С той поры Дом частично потерял свою страшную славу, его уже не боялись, как прежде, и со временем вовсе к нему охладели — стоит себе на отшибе, и стоит. Но теперь, когда вокруг сгущалась ночь и дикие звери вышли на охоту, Большой дом оказался как нельзя кстати.
Идти до дома было совсем недалеко. Когда я добрался до него, солнце уже окончательно село, и он еле ощущался среди деревьев размытой громадой — так, что, казалось, можно было пройти через него насквозь.
Я вошел в давно поваленную ограду, от которой остался один только проем от калитки — да и тот не виден был в темноте, так что войти можно было через любую дыру в пространстве, которое теперь, среди ночи, так и кишело этими дырами. Но я все равно постарался войти в бывшую калитку — коли уж я нарушал вековую отдельность Дома, преступал его границы, то хотел оказать ему наибольшее уважение, на какое был способен.
Я сделал несколько шагов — и Дом, который дымно клубился в темноте, обрел вдруг твердые очертания. Теперь я чувствовал его слепое хмурое лицо, одеревеневшие скулы и холодный закрытый зев двери. Эта дверь казалась нечеловечески тугой, но, стоило ее коснуться, отошла легко, словно от случайного дуновения ветра.
Я сделал шаг внутрь — нет, не шаг, полшага — так, чтобы вторая нога оставалась за смертным пределом. Внутри царила мягкая теплая темнота, она летала среди невидимых стен, легчайшим пухом касалась лица и рук, ласкала, чуть слышно поглаживала. Темноту эту не рассеивал слабый свет ночных звезд, которые так и не отважились заглянуть в Дом по моему следу, по протоптанной дорожке.
«Вот каков ты, Большой дом, — подумалось мне. — Но если так, то я тебя не боюсь».
И я, решившись, перенес уже и правую ногу внутрь Дома, через порог, следом за левой, следом за всем телом, которое уже обвыклось в удивительном этом пространстве, созданном когда-то богами и духами предков…

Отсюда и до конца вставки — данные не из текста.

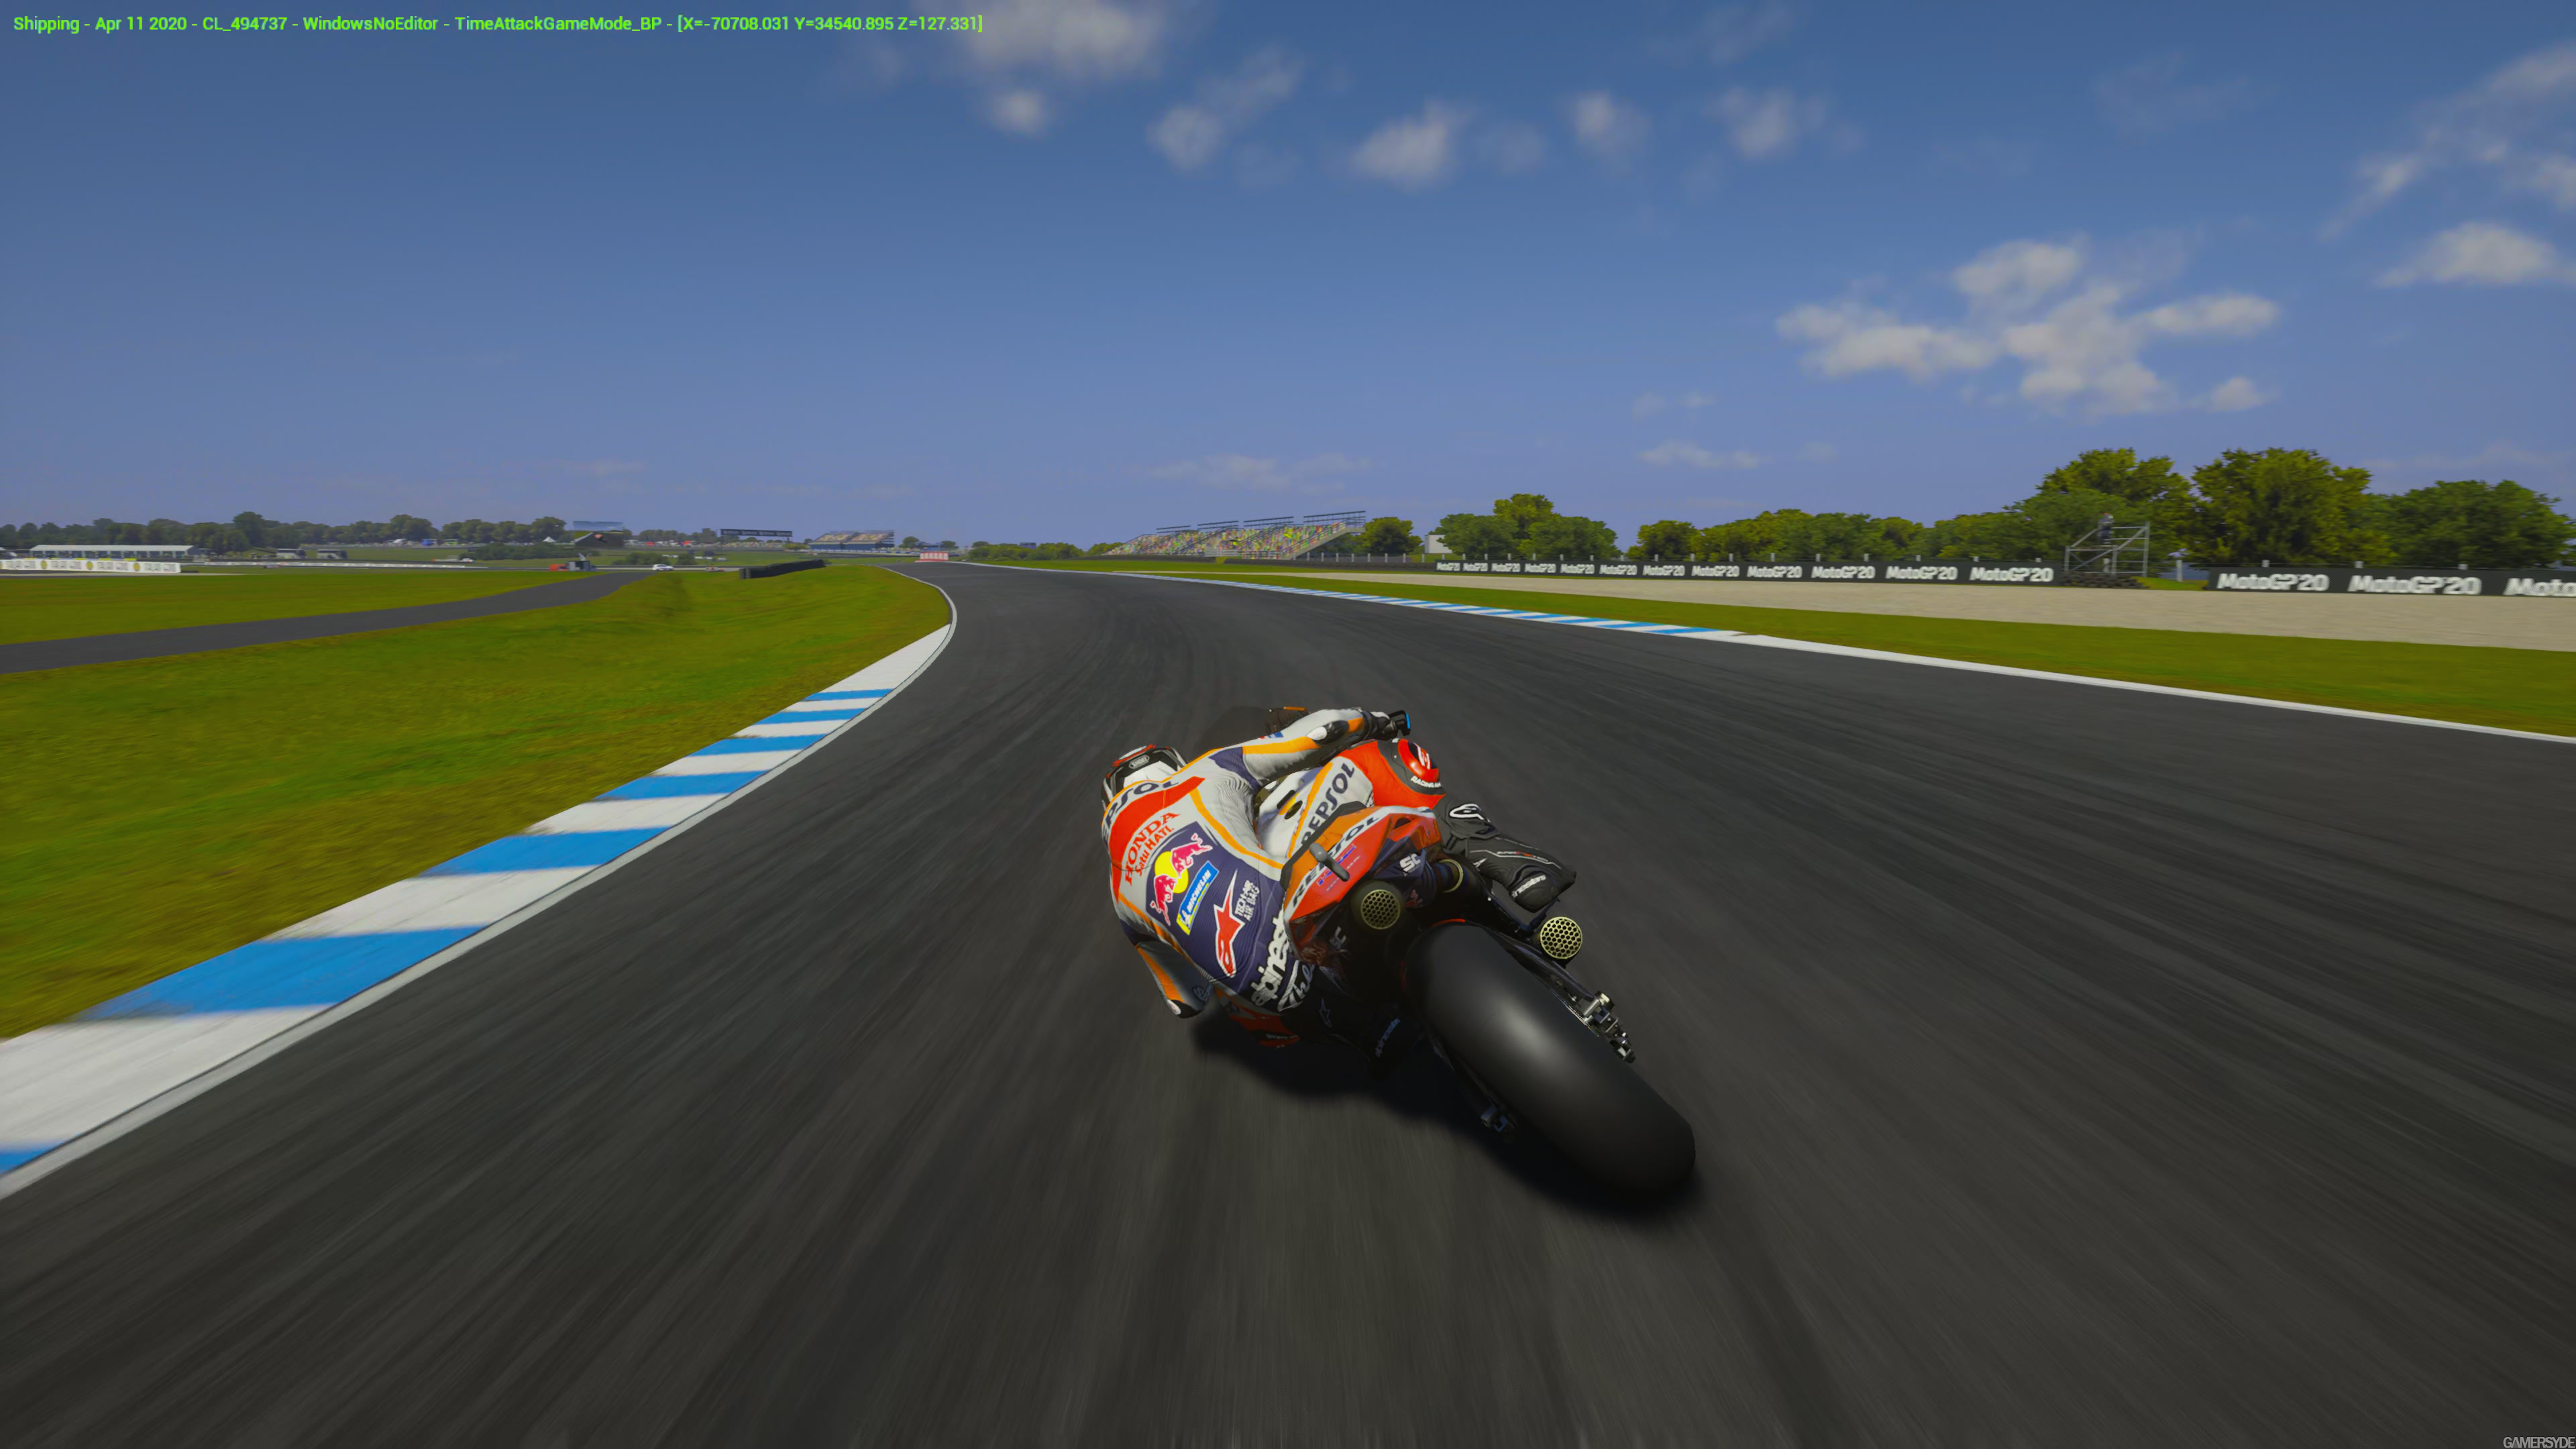 MotoGP 20 - Phillip Island - HDR (PC/4K) - High quality stream and download  - Gamersyde

Необыкновенный покой охватил меня, темнота сгущалась, но была не черной, пугающей, а дружественной и приятной. Пошарив руками вокруг, я не нашел ни лавки, ни другого приспособления, чтобы сесть, и опустился на пол прямо так, натюрель, как тысячелетиями сидели все наши предки, начиная от Желтого императора и кончая Моисеем-пророком.
Я закрыл глаза — толку от них в таком мраке было немного, или, вернее, не было вовсе никакого. Посидел так, потом открыл снова. Темнота не стала ни гуще, ни холоднее. Можно было снова закрыть глаза, но я не сделал этого — какой-то чуть слышный звук доносился до меня, тревожил, легкой когтистой лапой касался сердца. Я навострил уши, весь обратился в слух и различил в глубине тьмы, в самой ее сердцевине, неловкий шорох. Возможно, там суетилась лесная мышь, сдуру забежавшая в Дом и не могшая теперь выйти наружу. Отчего дрожала она в непроглядной мгле? Пугал ли ее призрак смерти, аромат небытия, витавший в этой глухой черноте или довлели свои заботы, чуждые человеческим страхам?
Но вот кроме почти затихшего уже шороха различил я новый звук — он явно исходил снаружи. Кто-то тяжелый, грузный, скрипя, поднимался на крыльцо по ступеням. Встав на последнюю, на миг остановился, замер, словно прислушиваясь. Я подумал, что, может, меня уже хватились и начали искать, не дожидаясь утра, и кто-нибудь из сельчан догадался, где мог бы я спрятаться, и теперь вот стоял, не решаясь переступить через столетний страх и войти в Мертвый дом.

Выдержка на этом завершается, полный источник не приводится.